__Given information__.
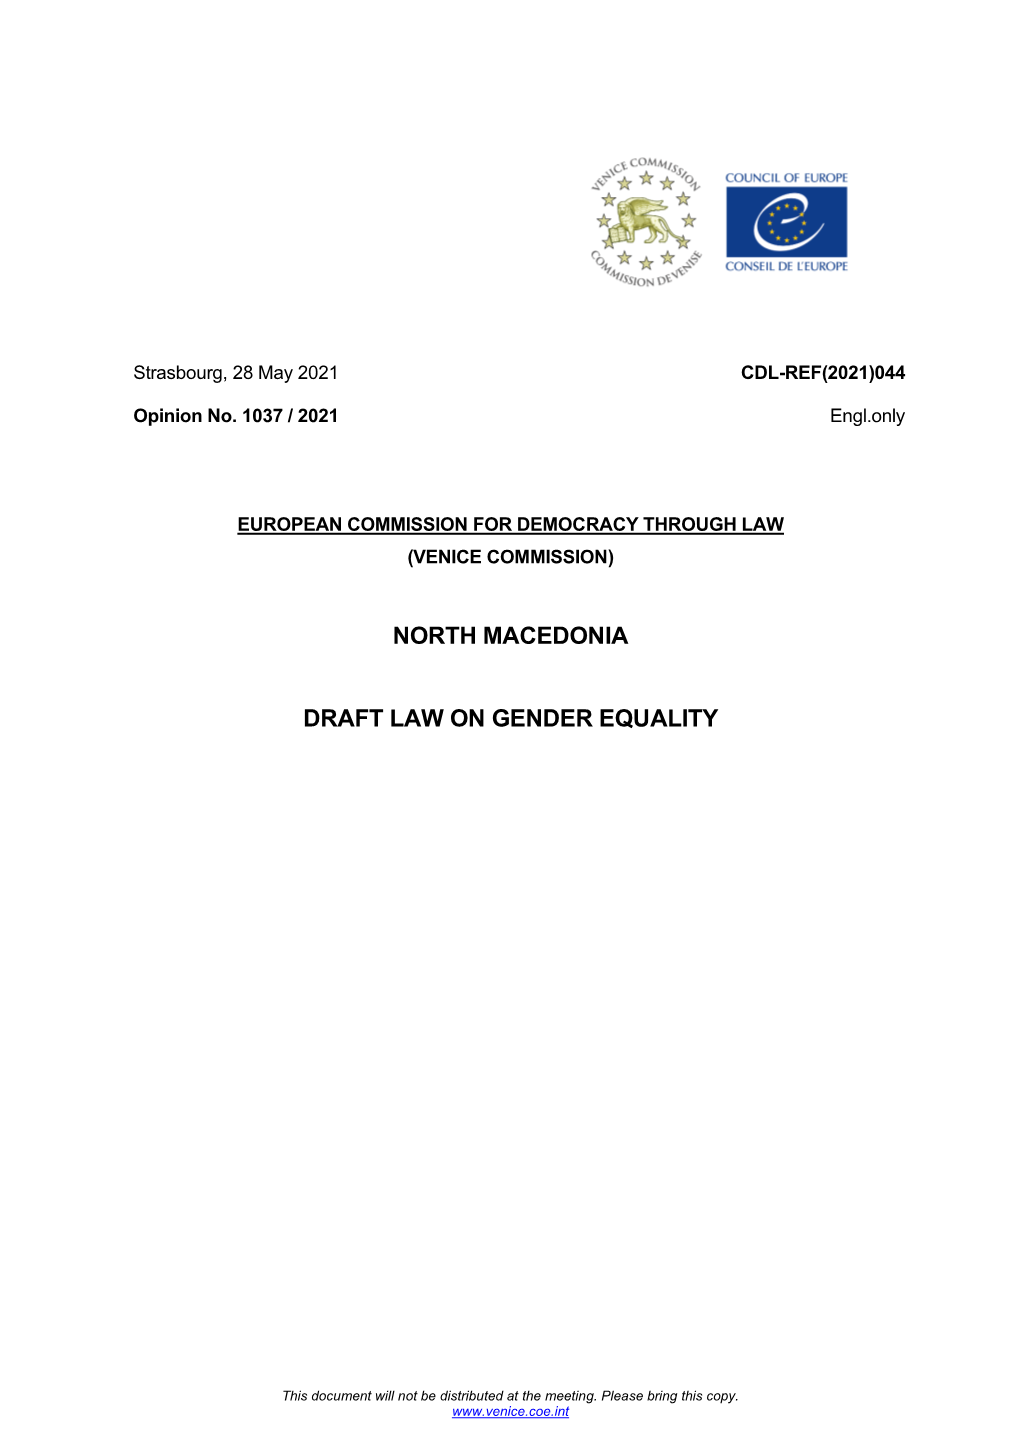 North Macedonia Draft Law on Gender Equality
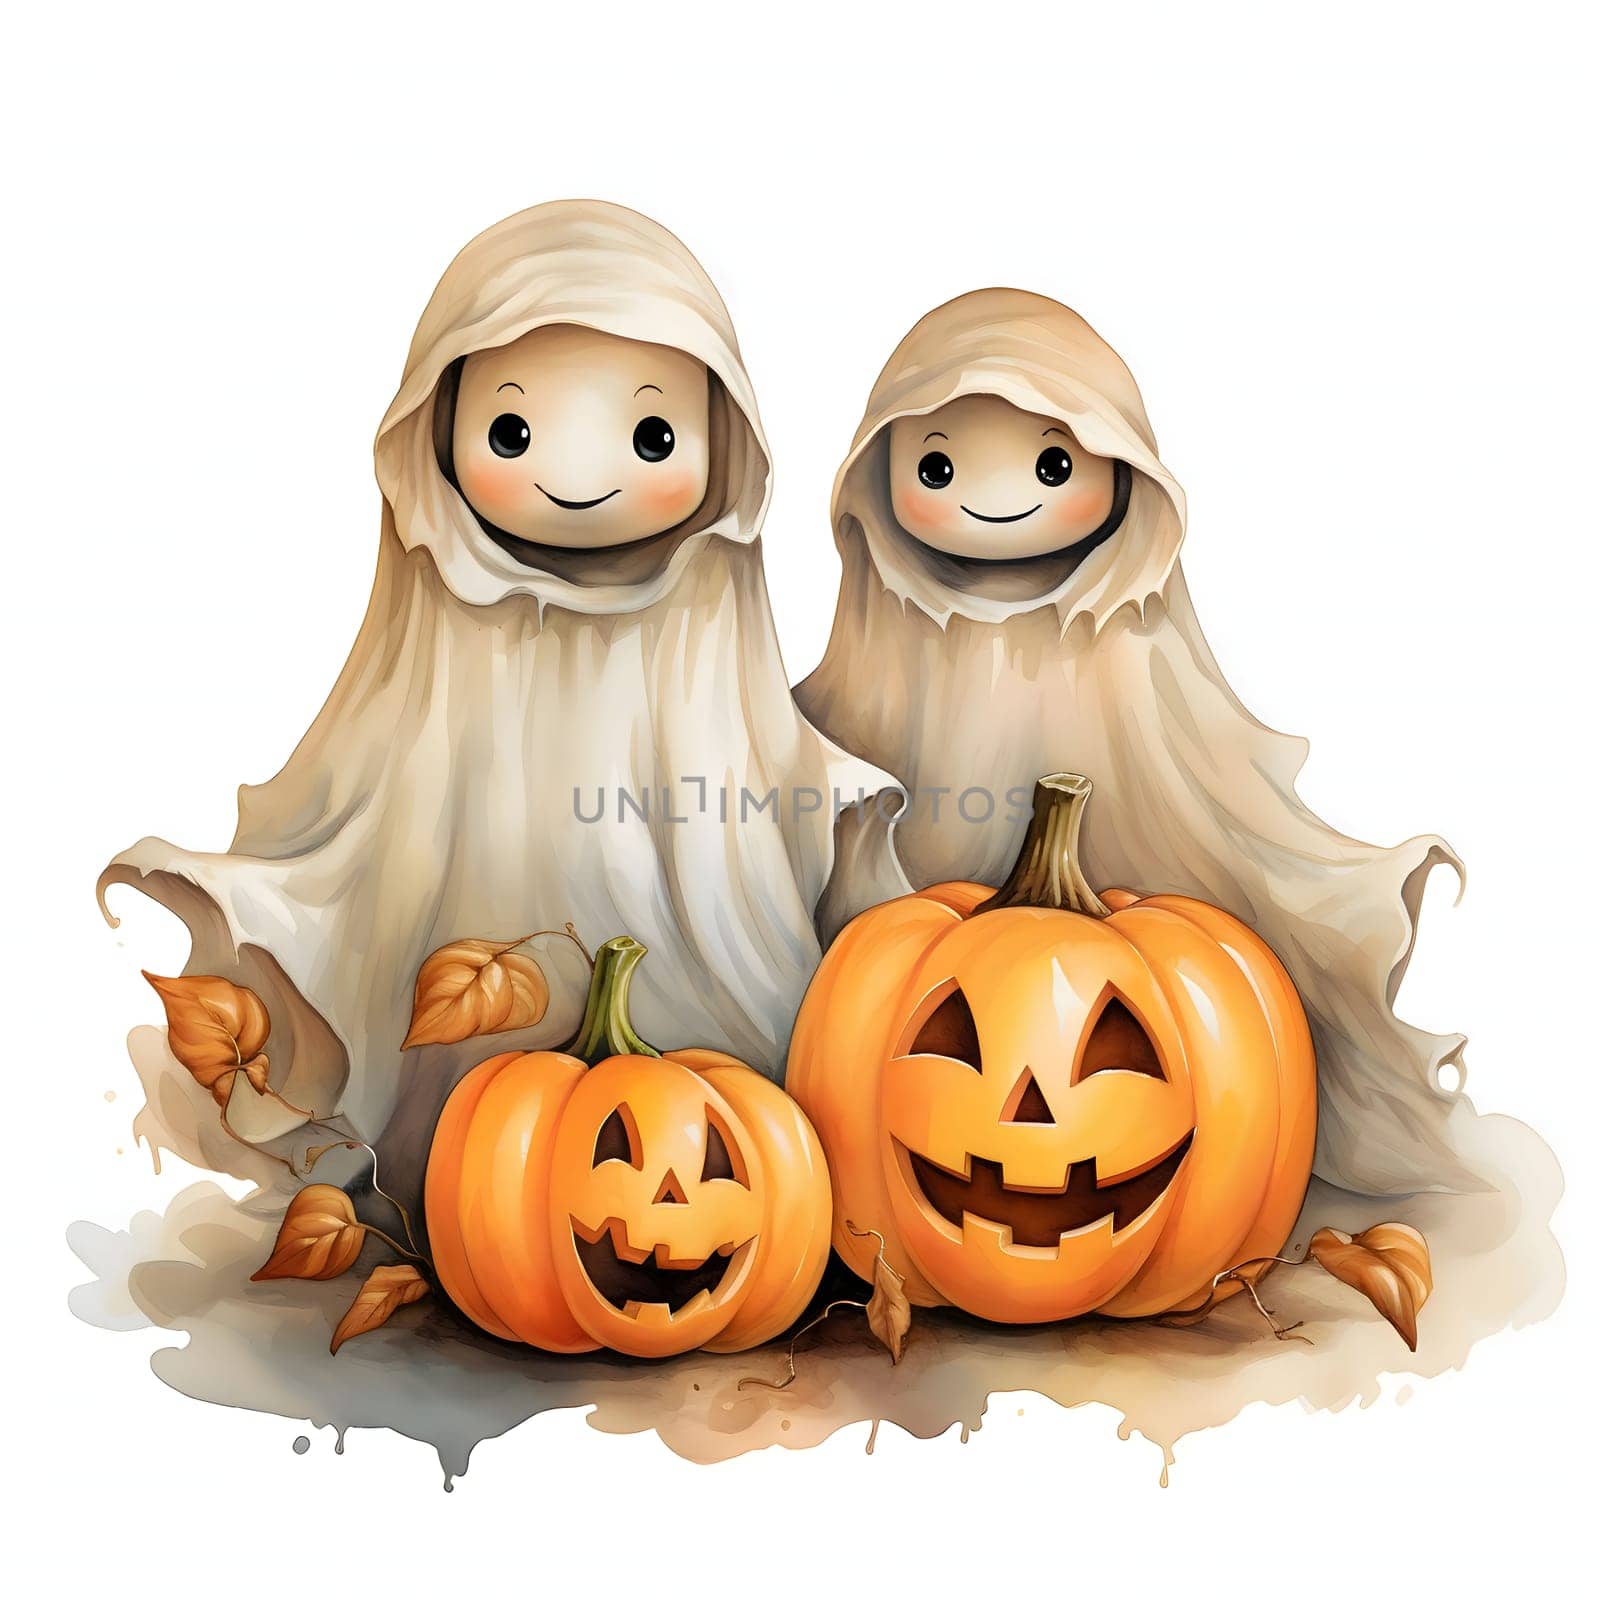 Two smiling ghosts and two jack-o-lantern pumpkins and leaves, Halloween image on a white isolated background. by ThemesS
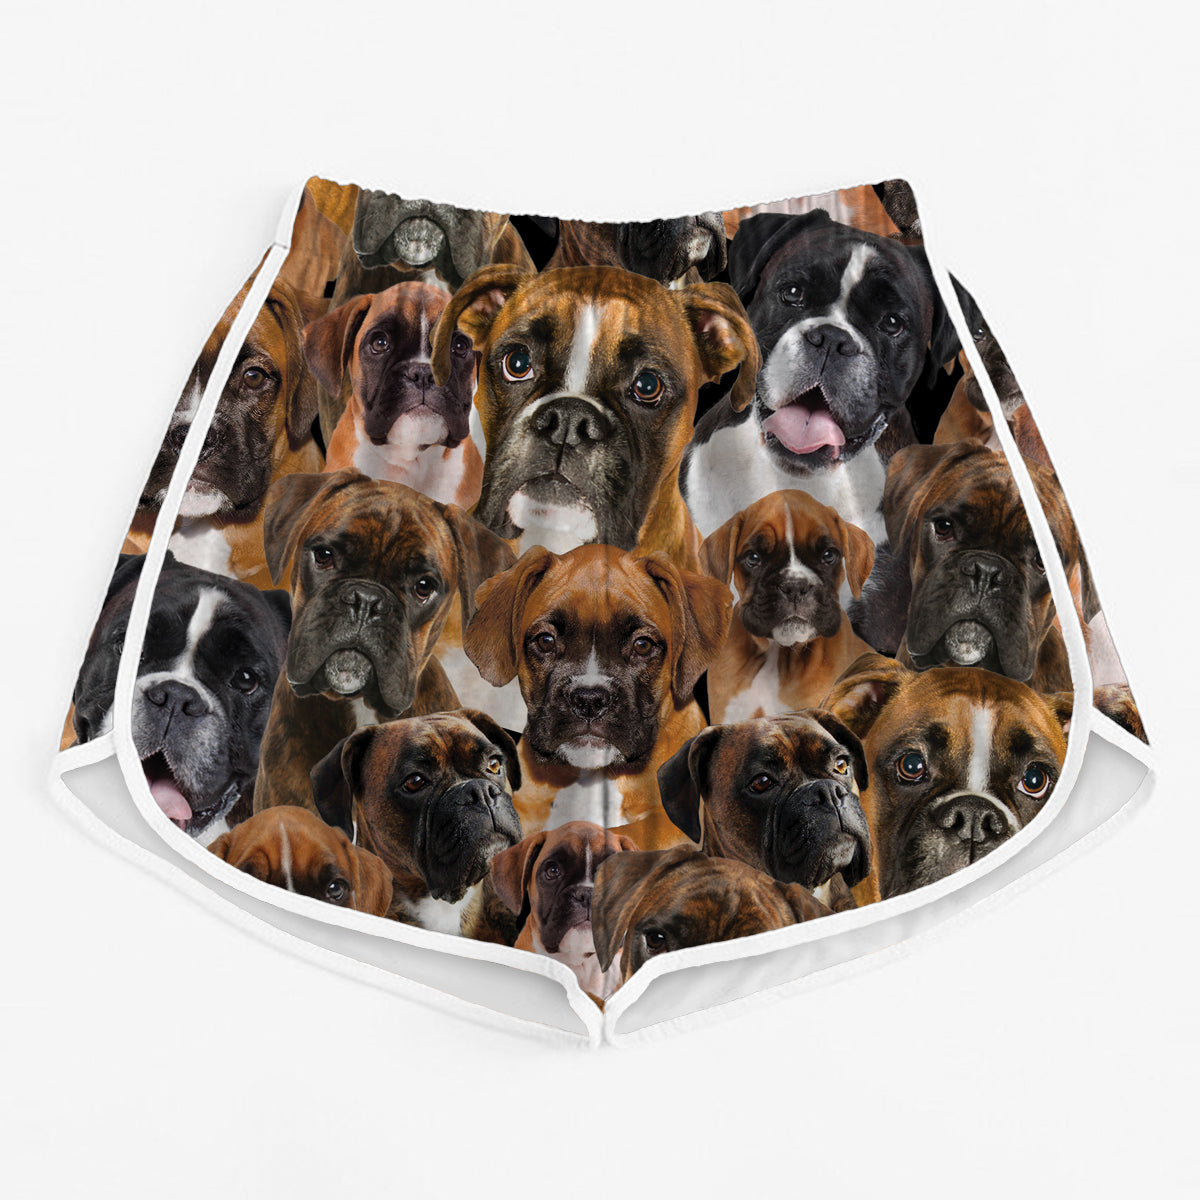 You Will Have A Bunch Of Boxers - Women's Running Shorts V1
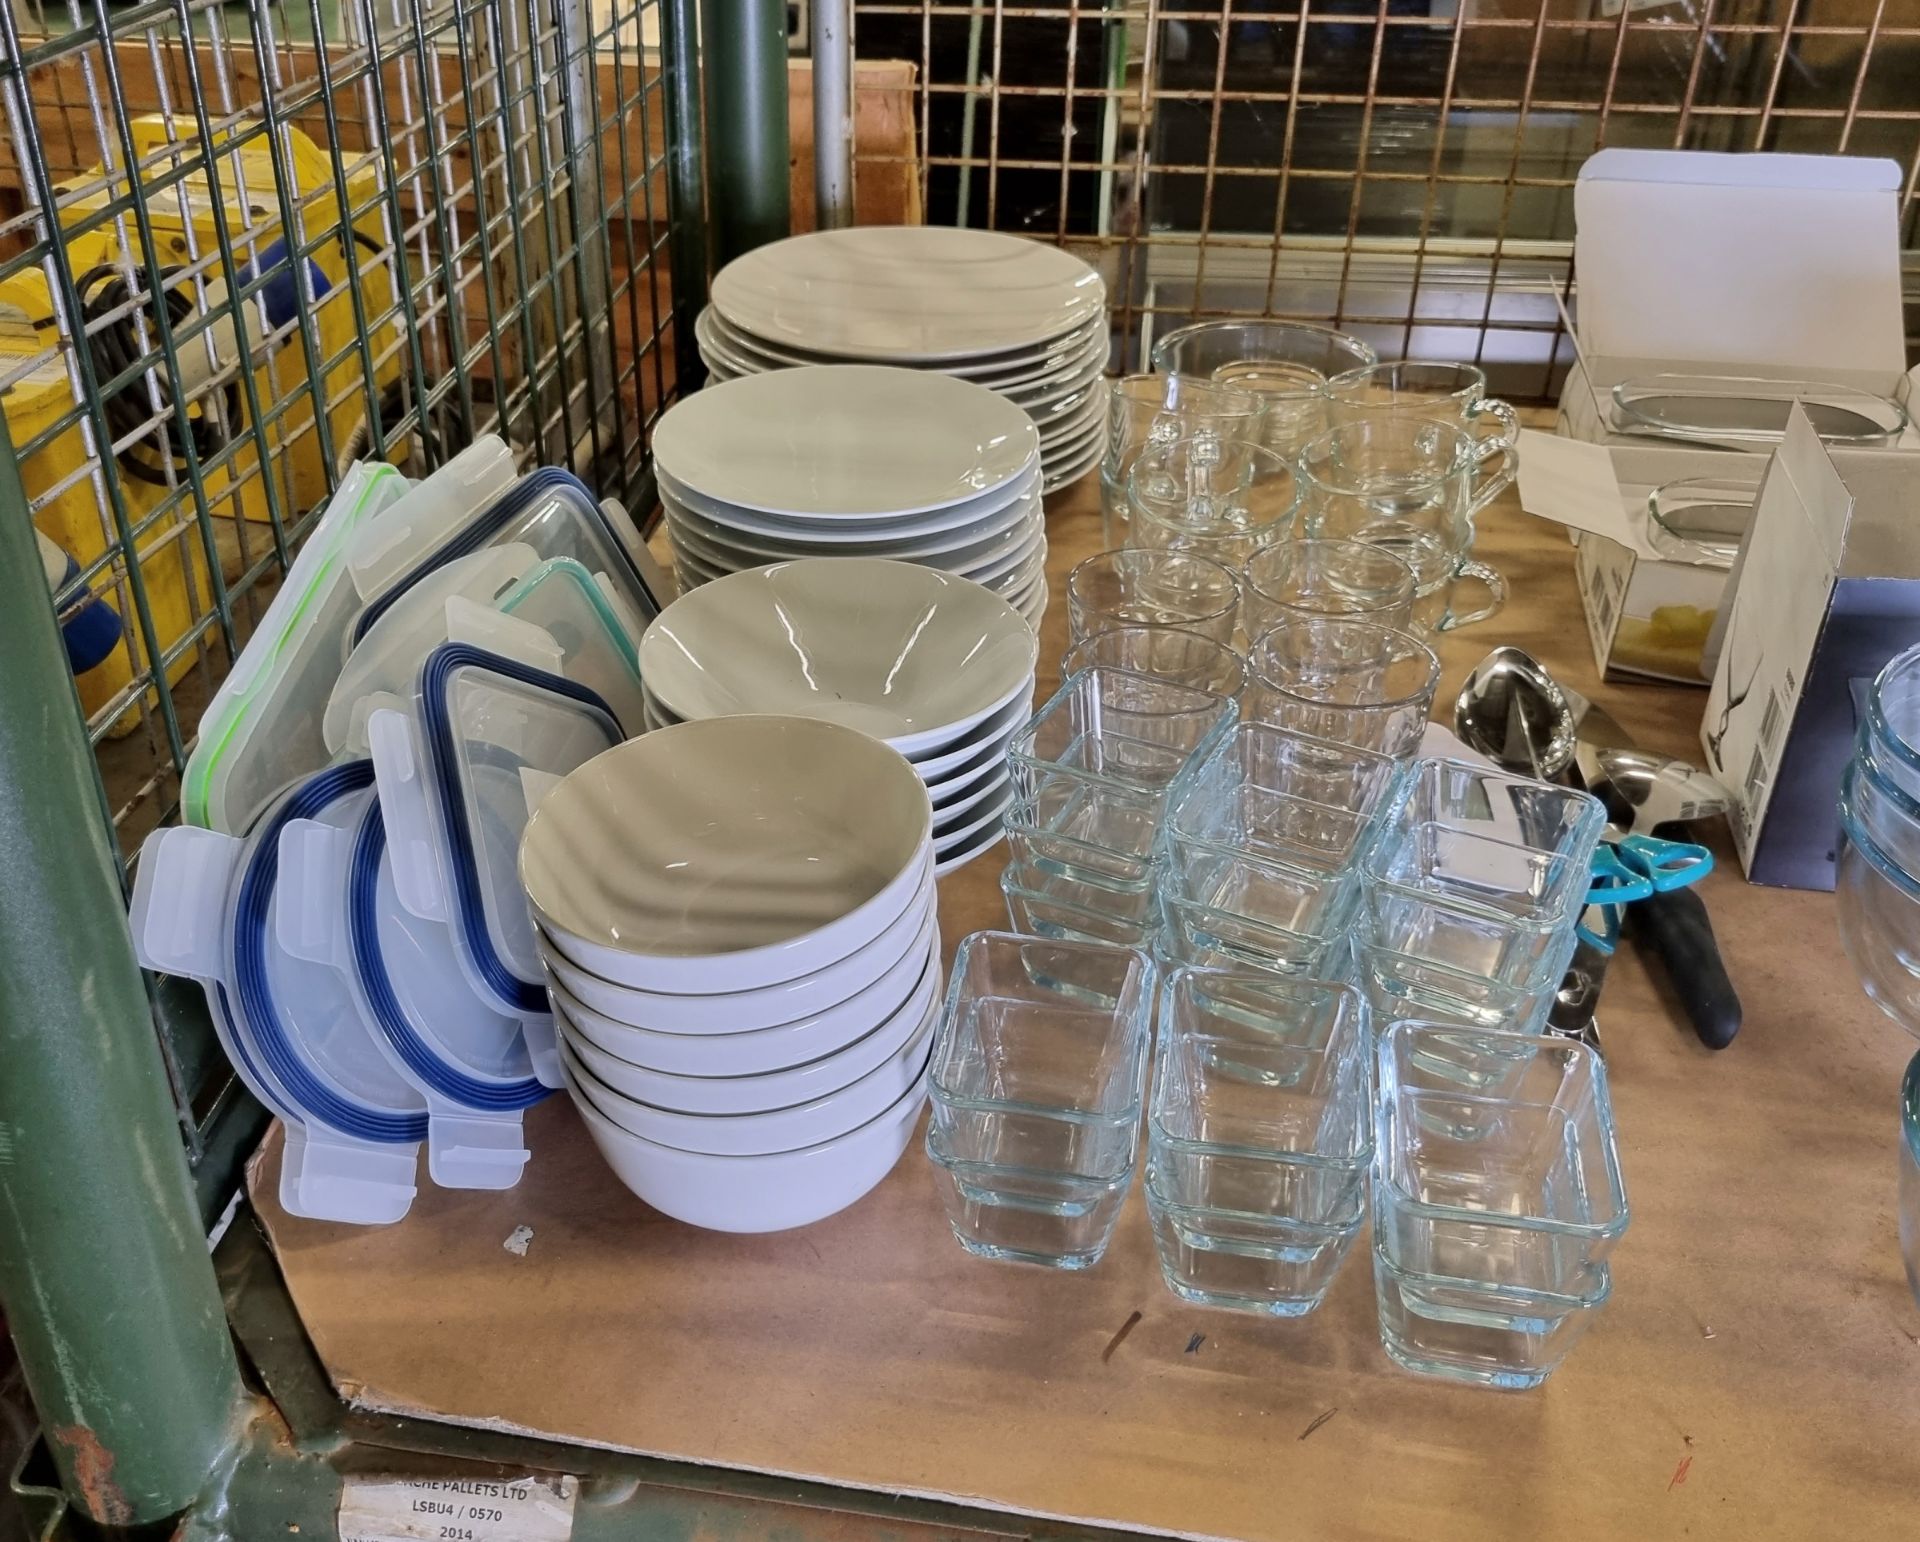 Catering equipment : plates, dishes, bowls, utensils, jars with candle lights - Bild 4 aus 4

__Instructions to follow__.
Could you set down the material above word for word while dropping its pictures?

__Response box__.
 North Macedonia Draft Law on Gender Equality
 Two smiling ghosts and two jack-o-lantern pumpkins and leaves, Halloween image on a white isolated background. by ThemesS
 You Will Have A Bunch Of Boxers - Women's Running Shorts V1
 Catering equipment : plates, dishes, bowls, utensils, jars with candle lights - Bild 4 aus 4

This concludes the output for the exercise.